_ABOUT THIS TASK_
Drop the pictures; give again exactly the lines from the one holding "NVC de Quissamã" through the end of the data.
*** DATA SHOWN ***
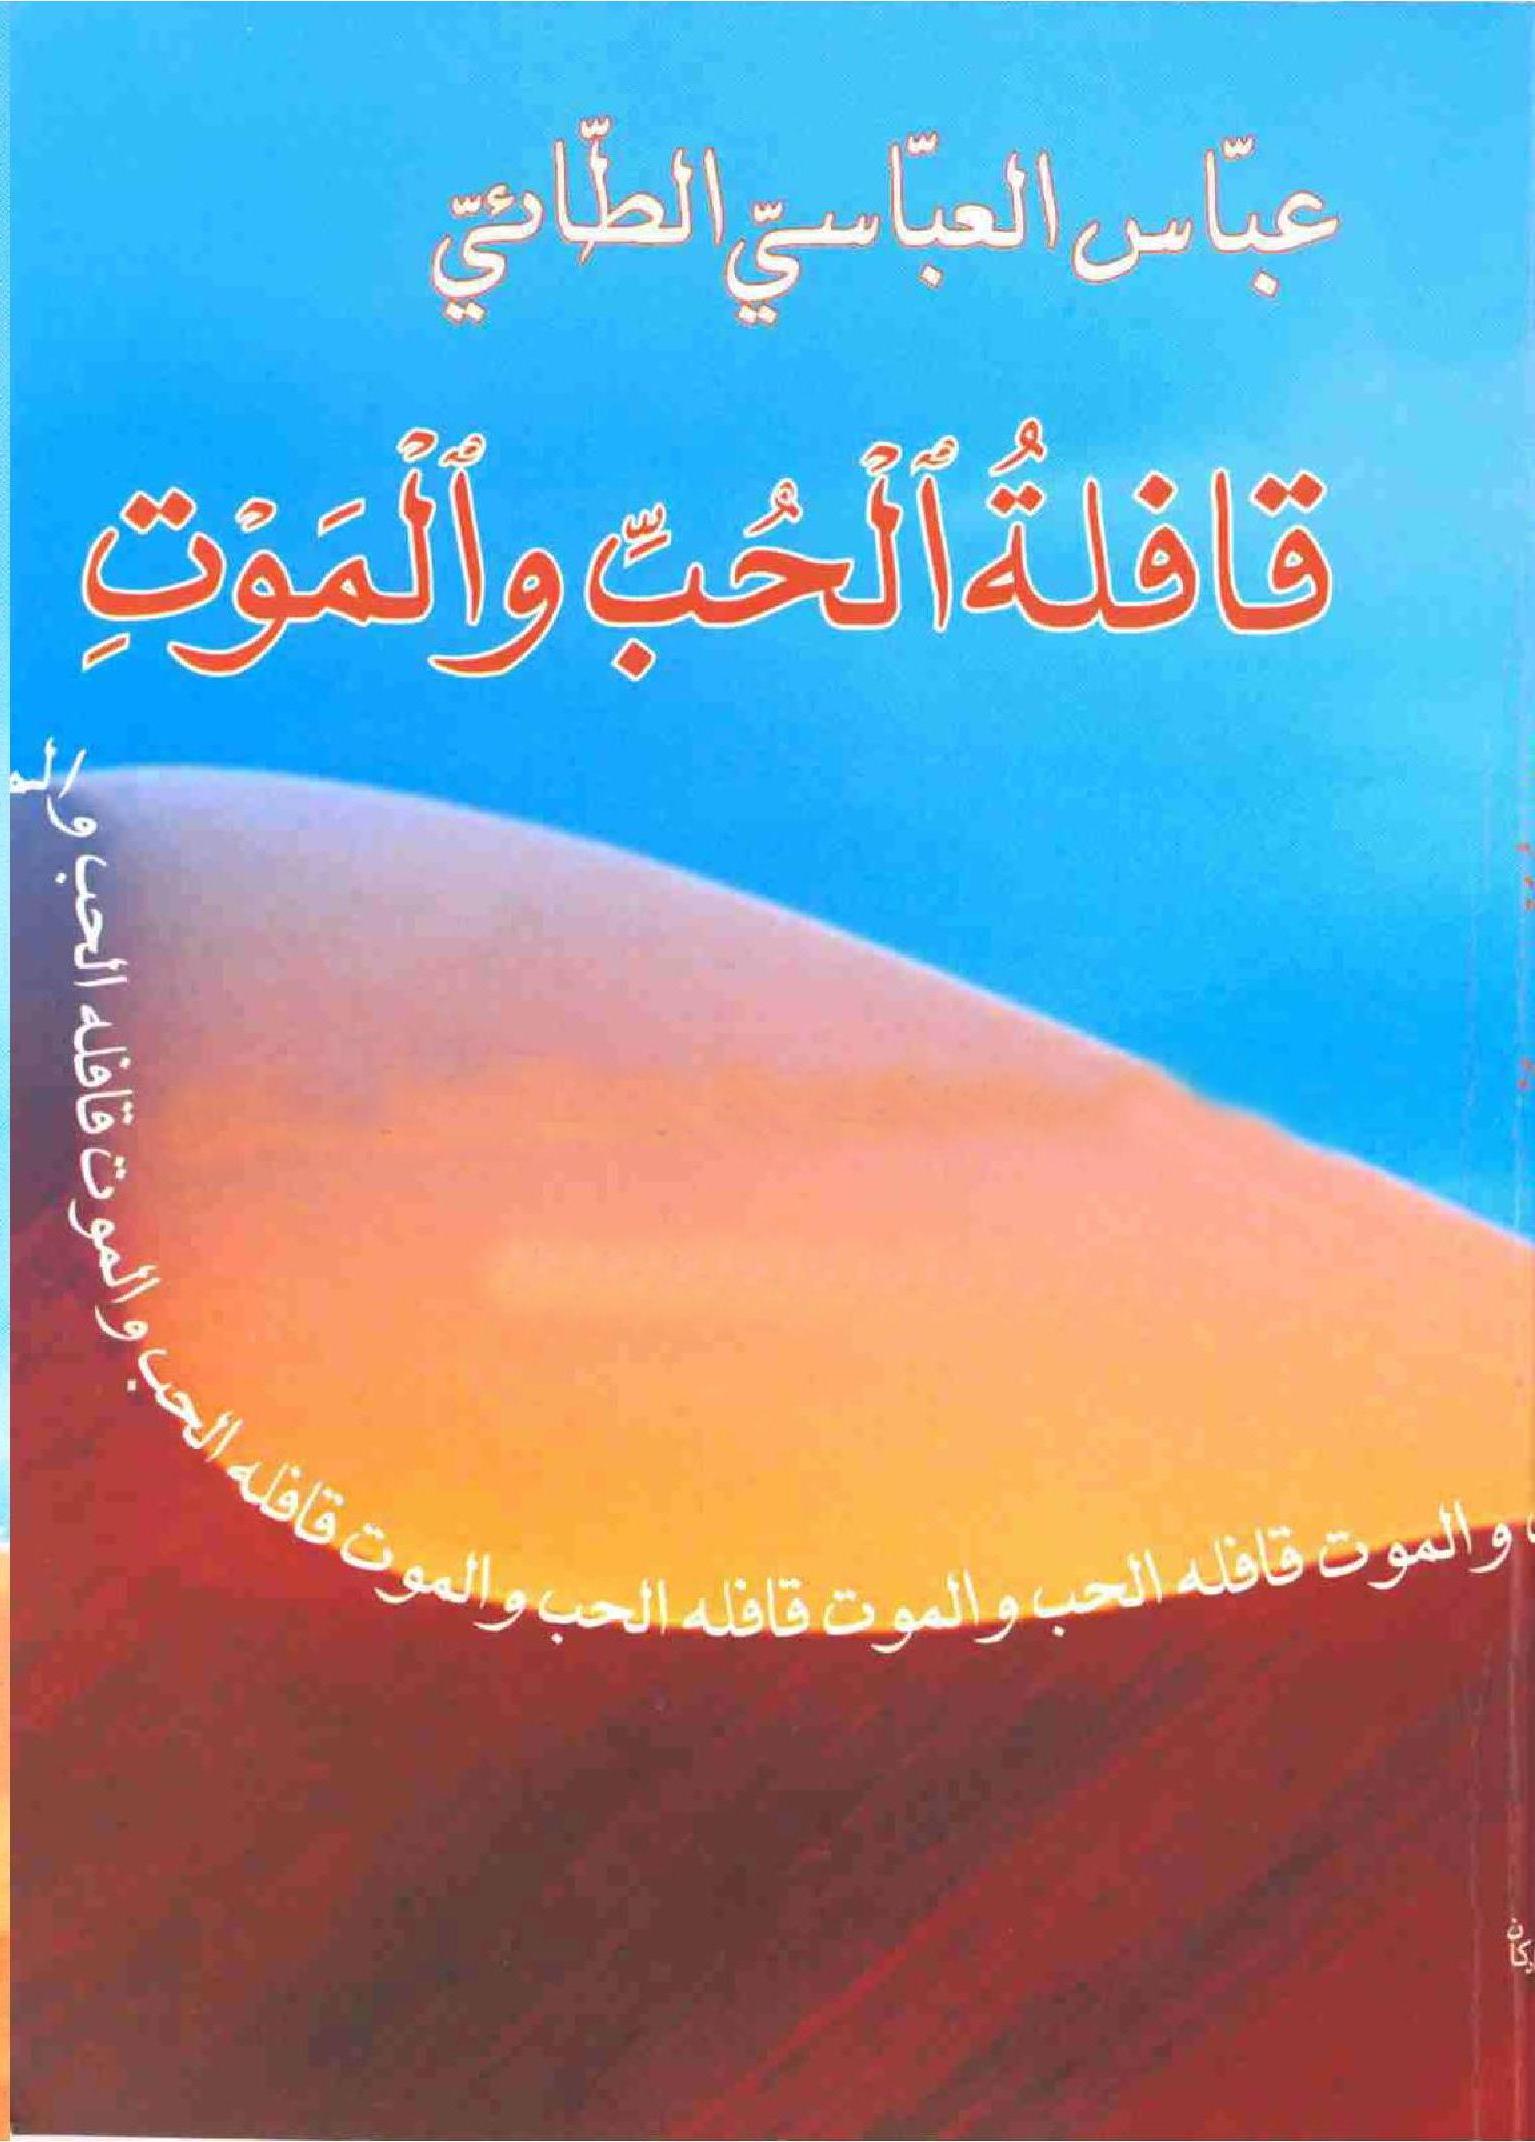 کتاب: قافلة الحب والموت  تألیف: الدکتور عباس العباسی الطائی
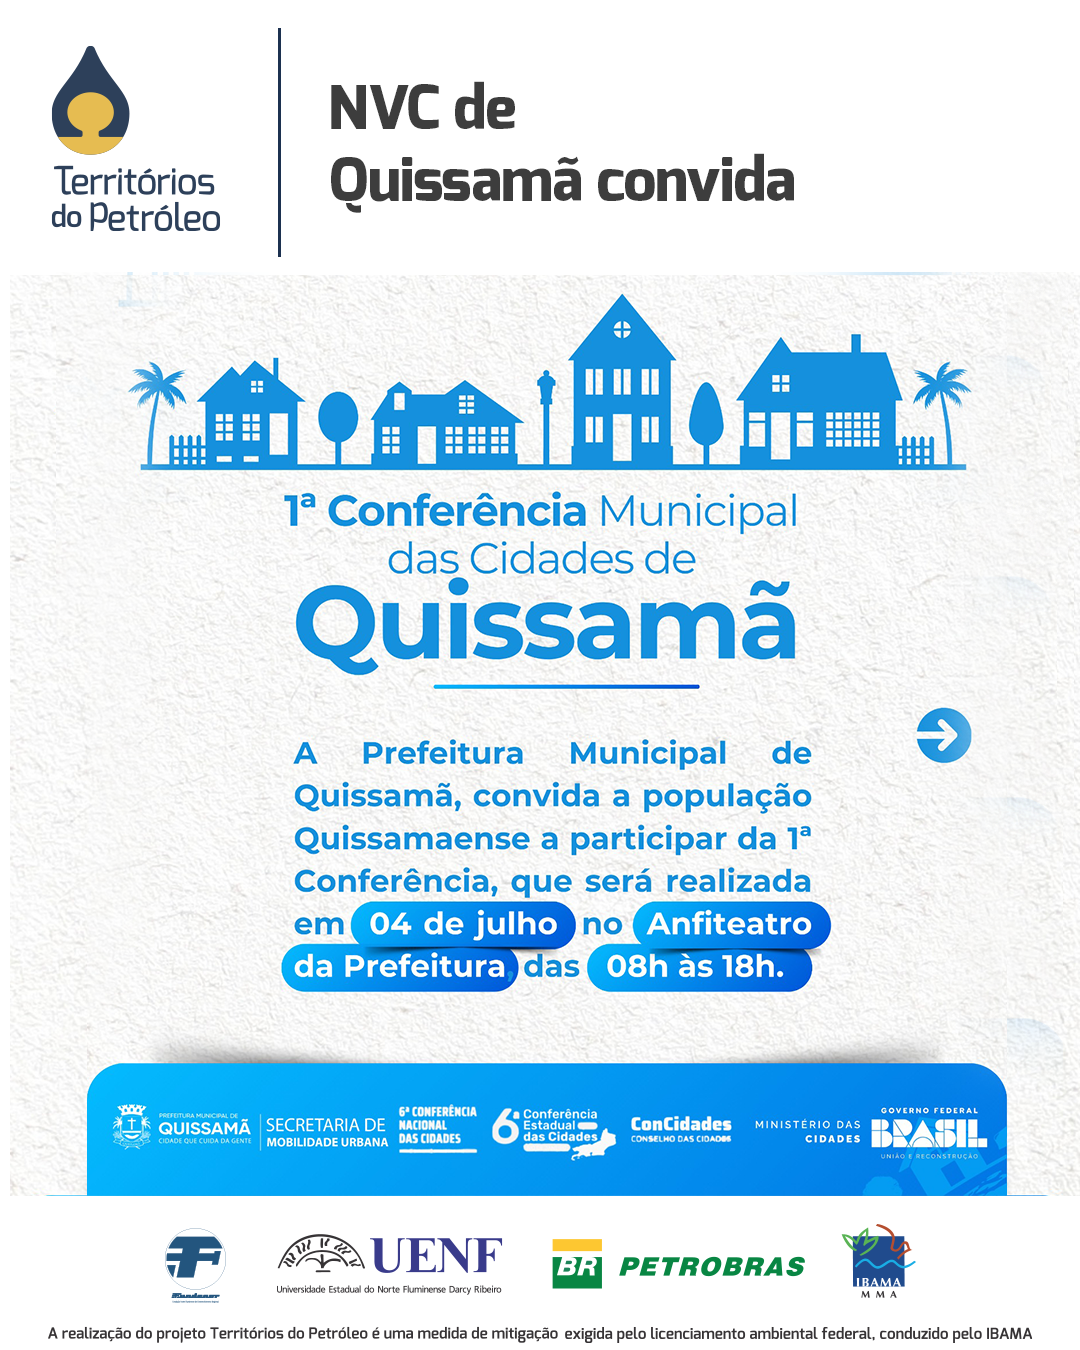 NVC de Quissamã convida para 1ª Conferência Municipal  das Cidades
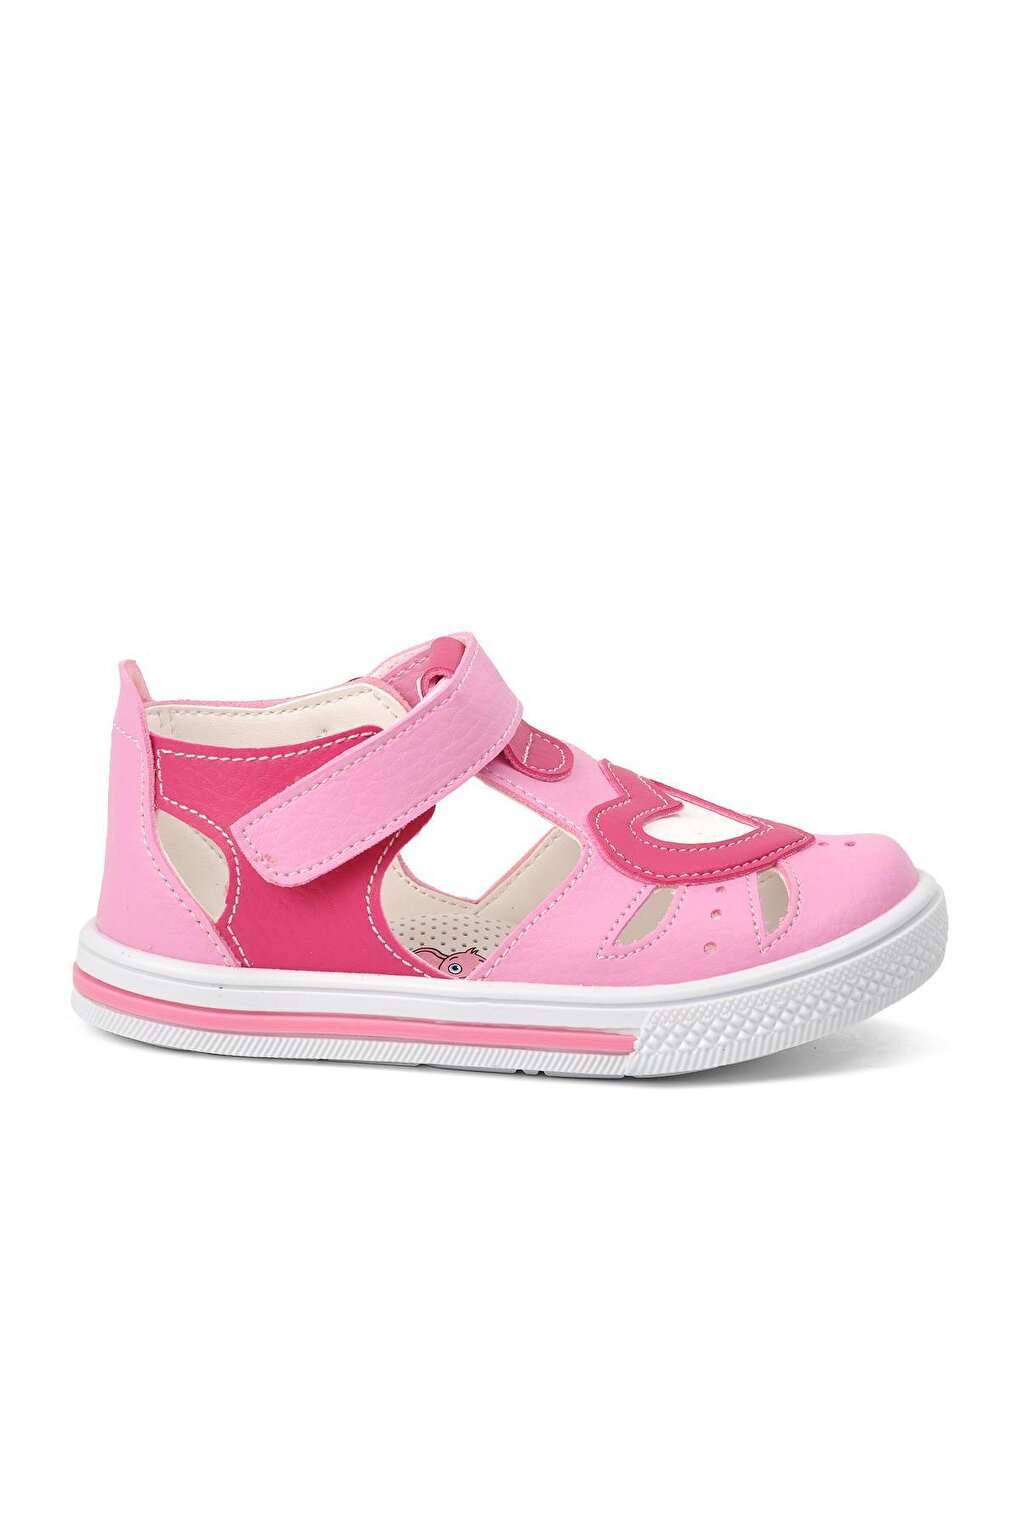 210103 Летняя обувь для маленьких девочек розово-фуксия Ayakmod
*** End of DATA SHOWN ***
_SOLUTION TO THE PROBLEM_
 NVC de Quissamã convida para 1ª Conferência Municipal  das Cidades
 210103 Летняя обувь для маленьких девочек розово-фуксия Ayakmod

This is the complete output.